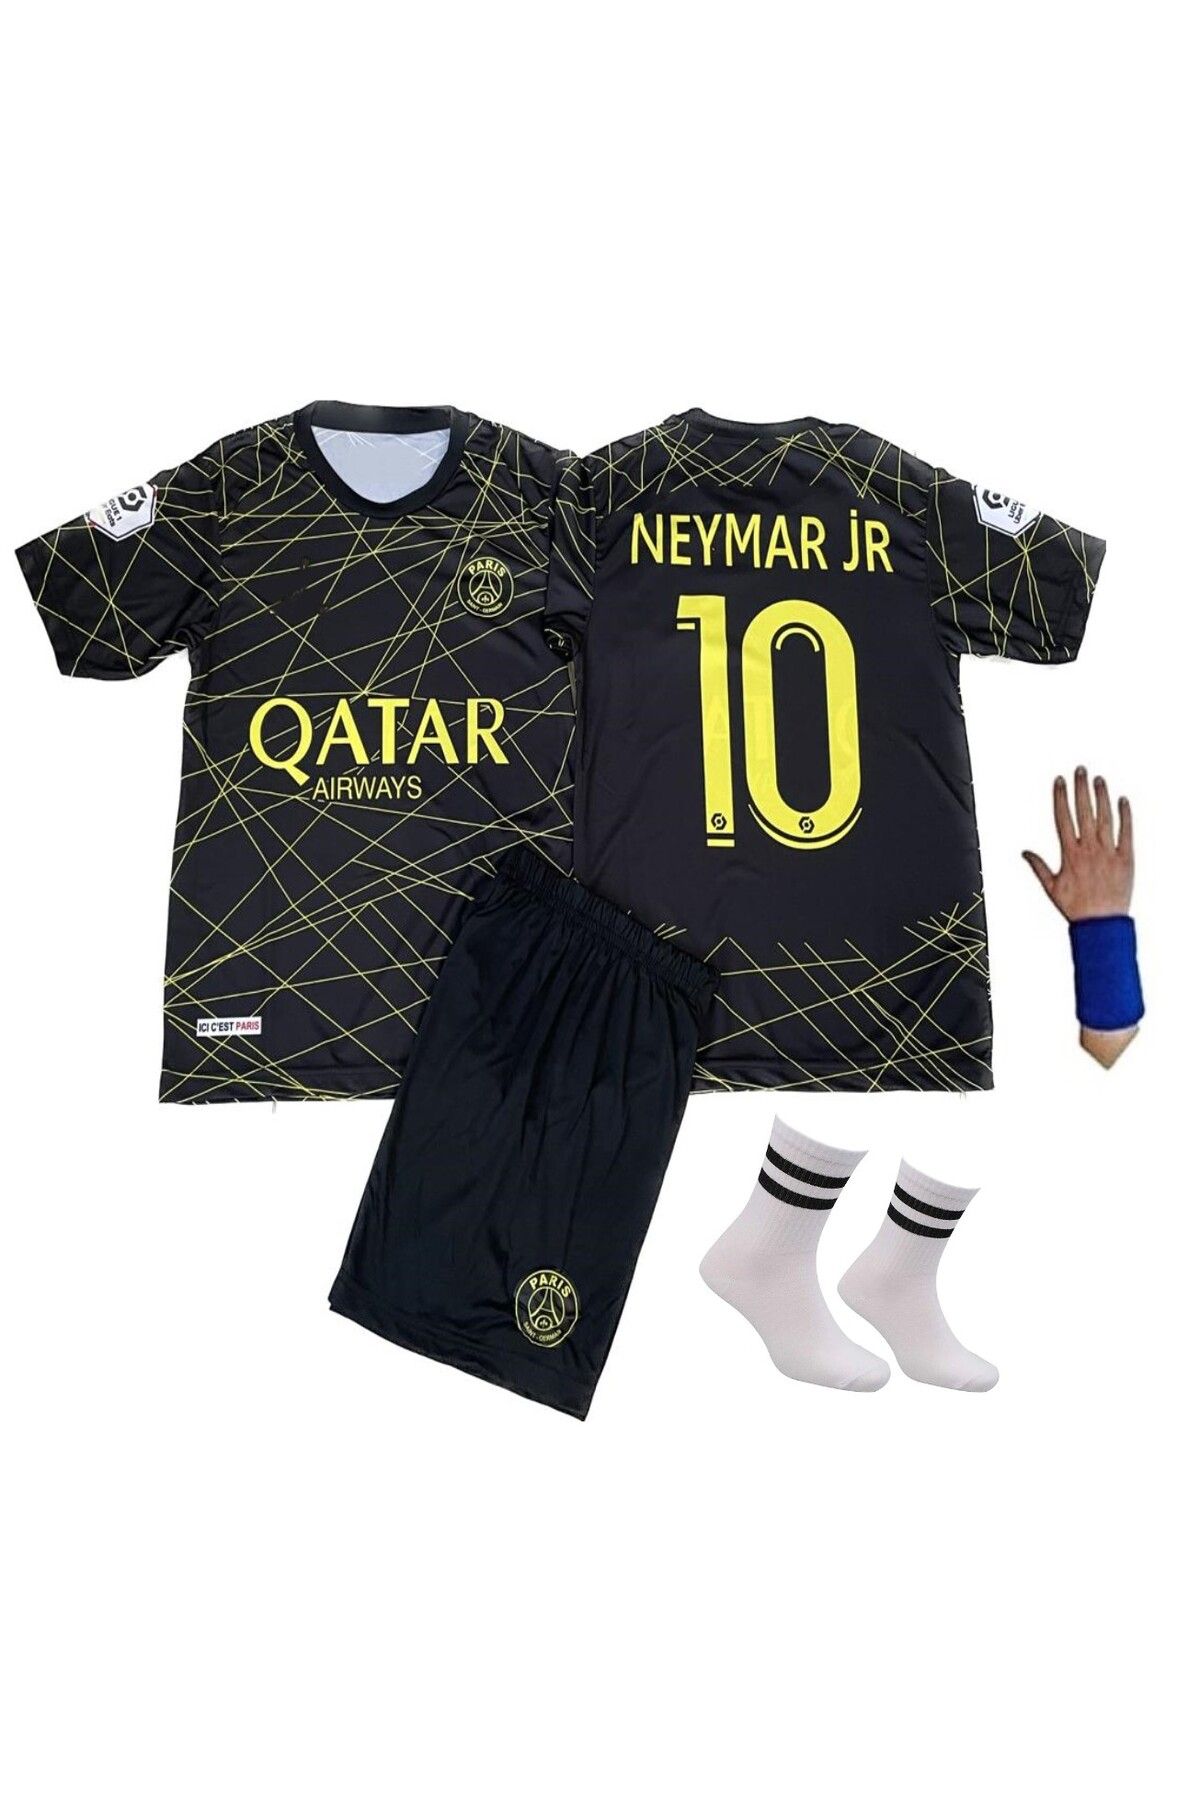 yenteks Neymar Jr Psg 2022/23 Sezon Gold Çizgili 4 Lü Set Çocuk Forma Takımı Özel Tasarım
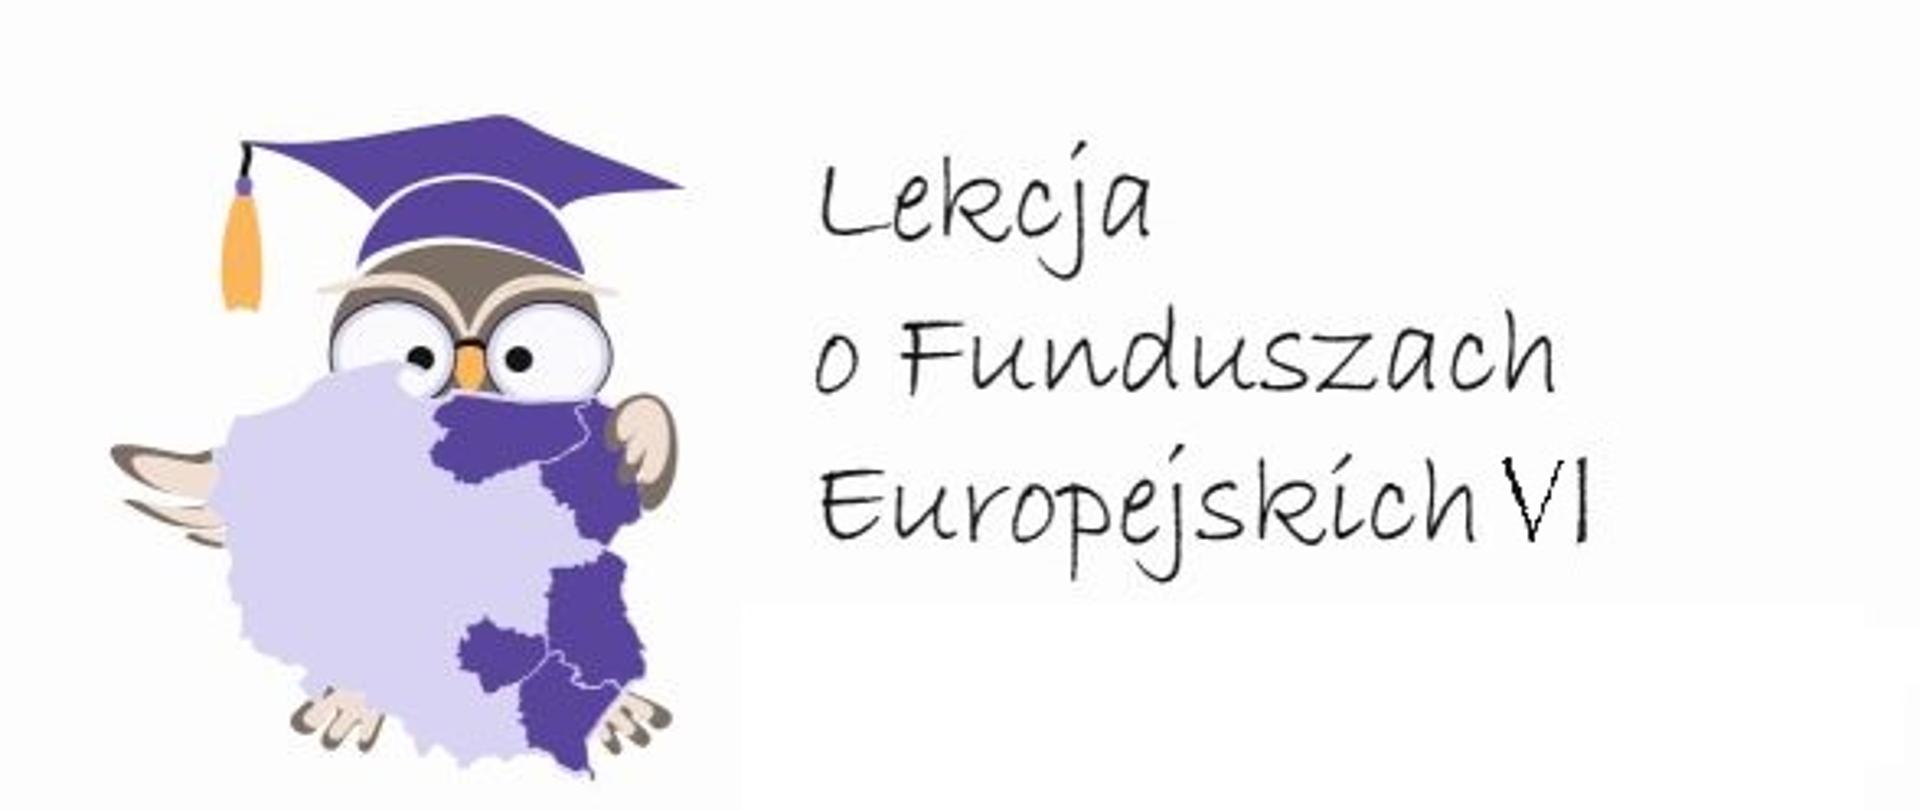 obok napisu Lekcja o Funduszach Europejskich sześć (cyfra rzymska), symbolizująca naukę sowa trzymająca mapę Polski z zaznaczonymi województwami Polski Wschodniej
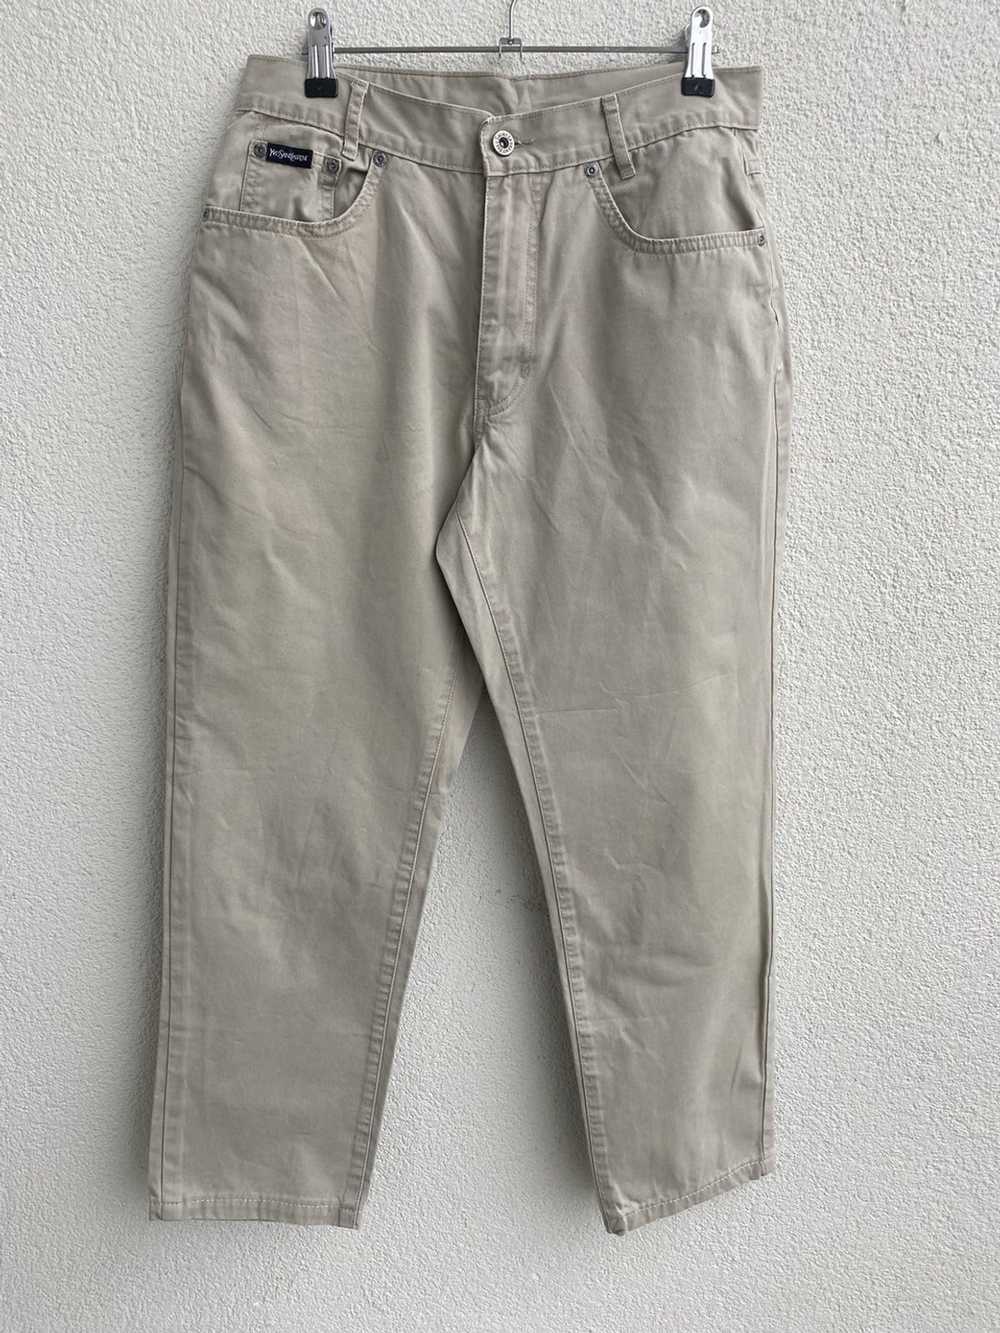 Yves Saint Laurent Beige YSL Cotton Jeans - image 3
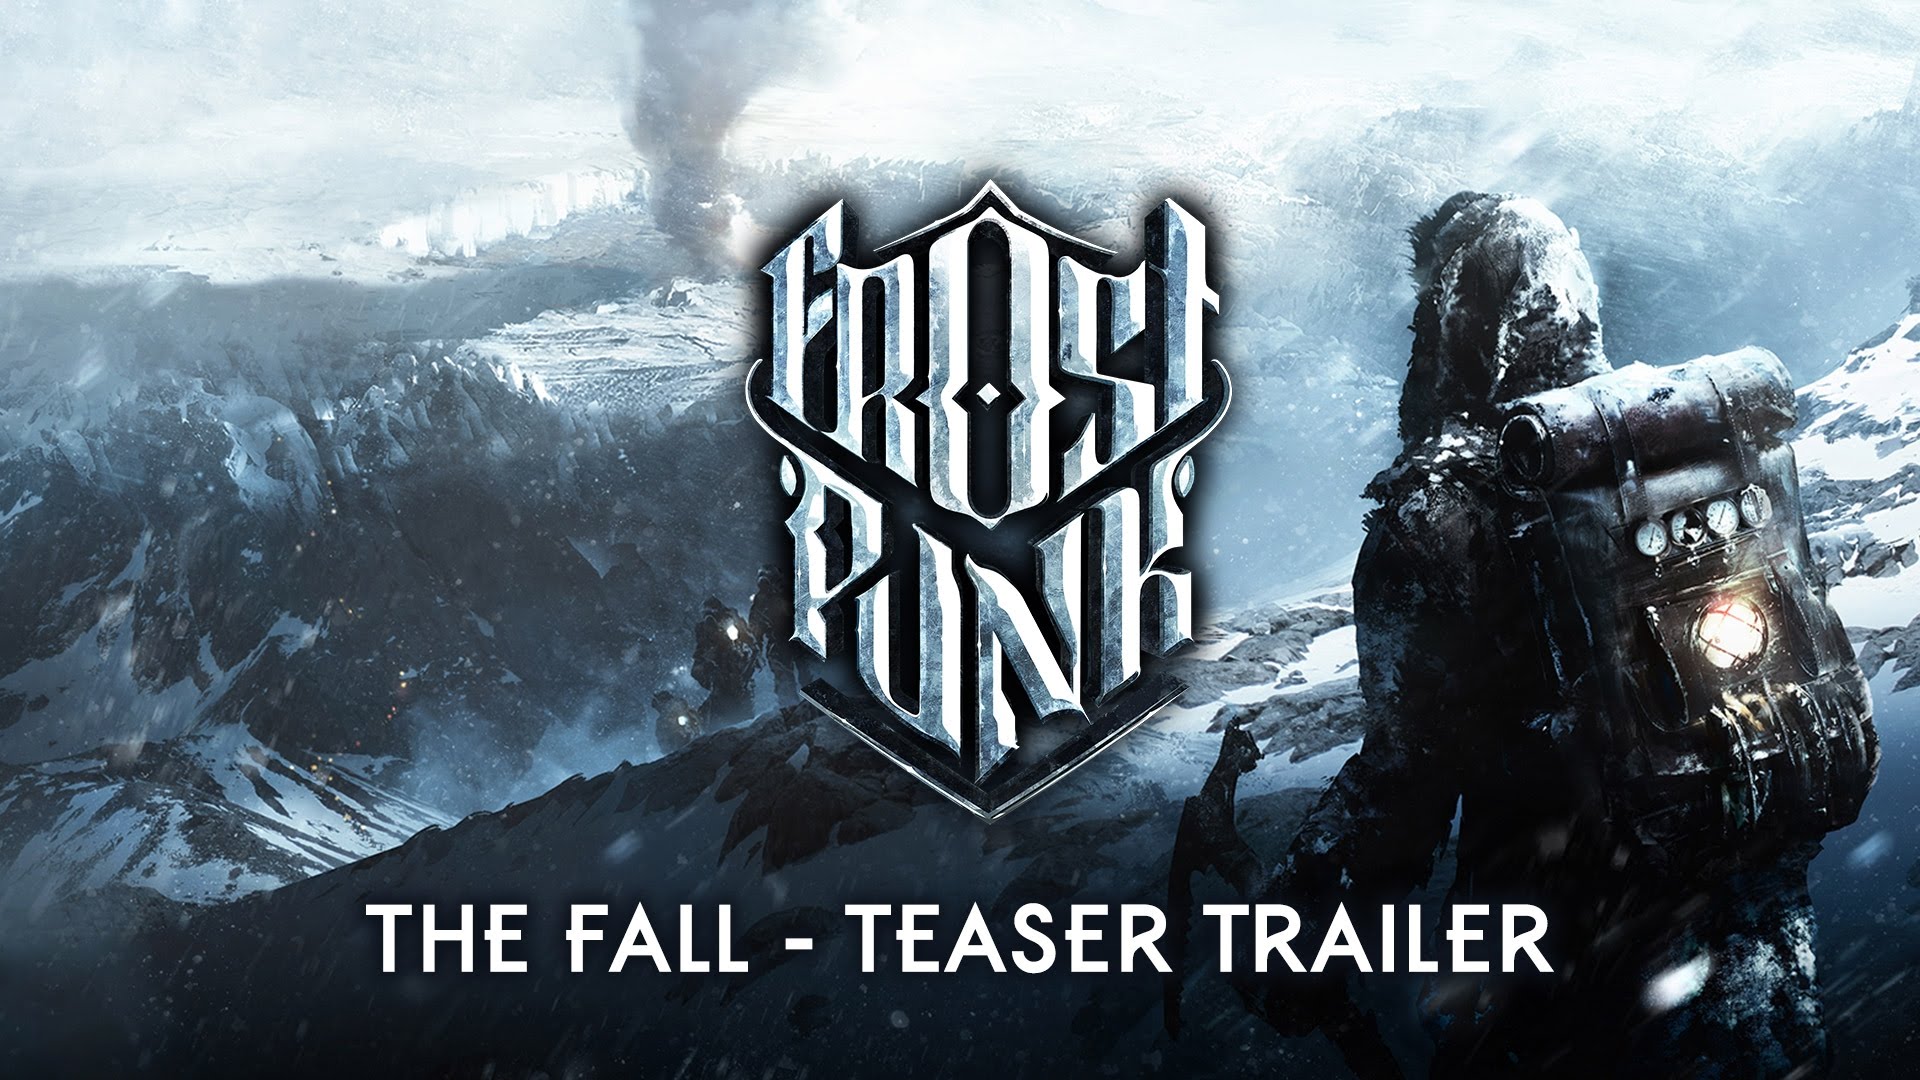 Frostpunk teaser trailer - The Fall
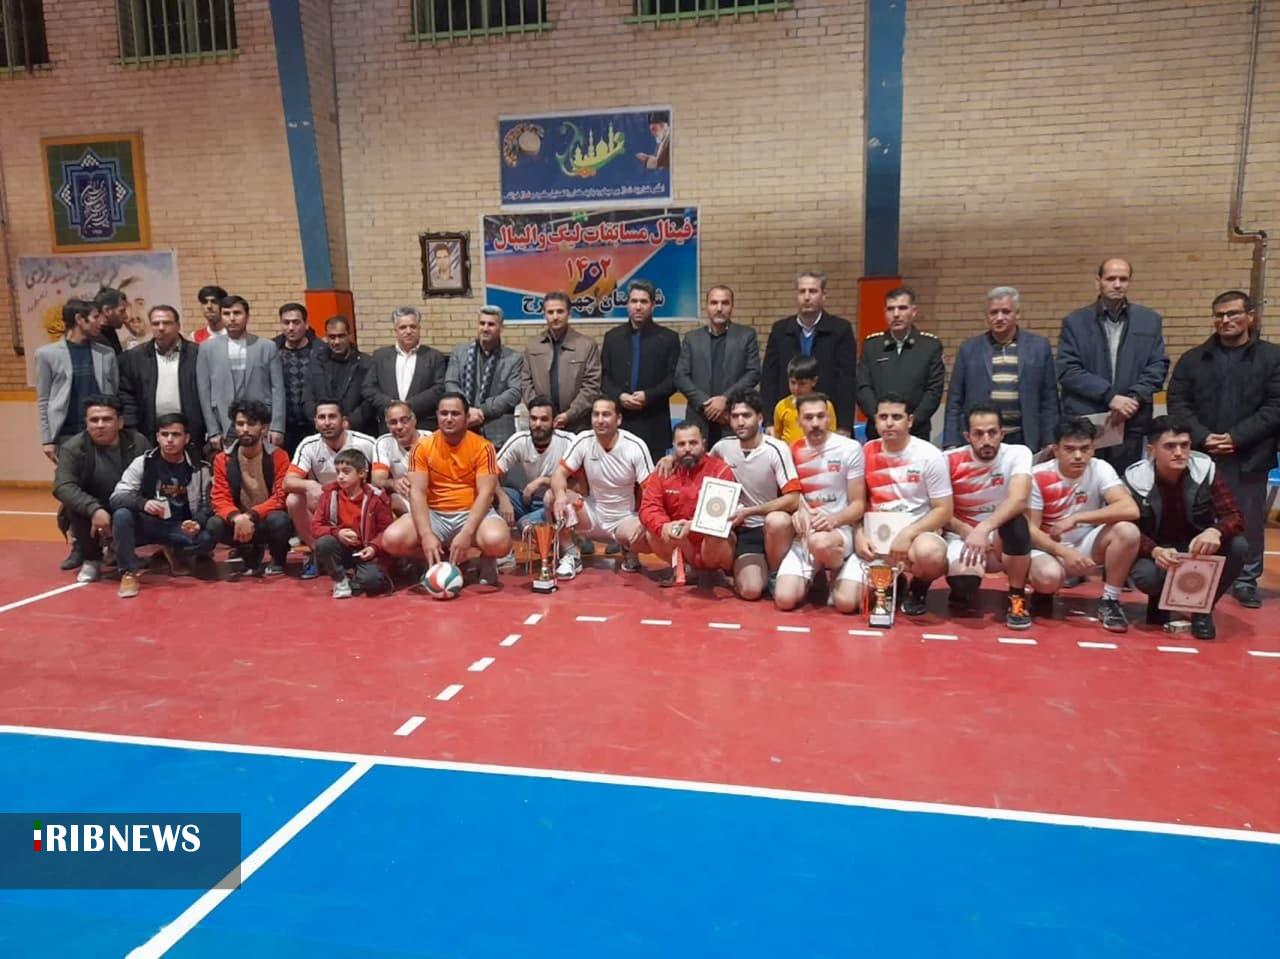 پایان رقابتهای لیگ والیبال چهاربرج با قهرمانی تیم آرکا

• • • • •

# EXERCISE AIM
Copy out the data verbatim, excluding the pictures.

# RESULT
 yenteks Neymar Jr Psg 2022/23 Sezon Gold Çizgili 4 Lü Set Çocuk Forma Takımı Özel Tasarım
 obok napisu Lekcja o Funduszach Europejskich sześć (cyfra rzymska), symbolizująca naukę sowa trzymająca mapę Polski z zaznaczonymi województwami Polski Wschodniej
 Yves Saint Laurent Beige YSL Cotton Jeans - image 3
 Frostpunk teaser trailer - The Fall
 پایان رقابتهای لیگ والیبال چهاربرج با قهرمانی تیم آرکا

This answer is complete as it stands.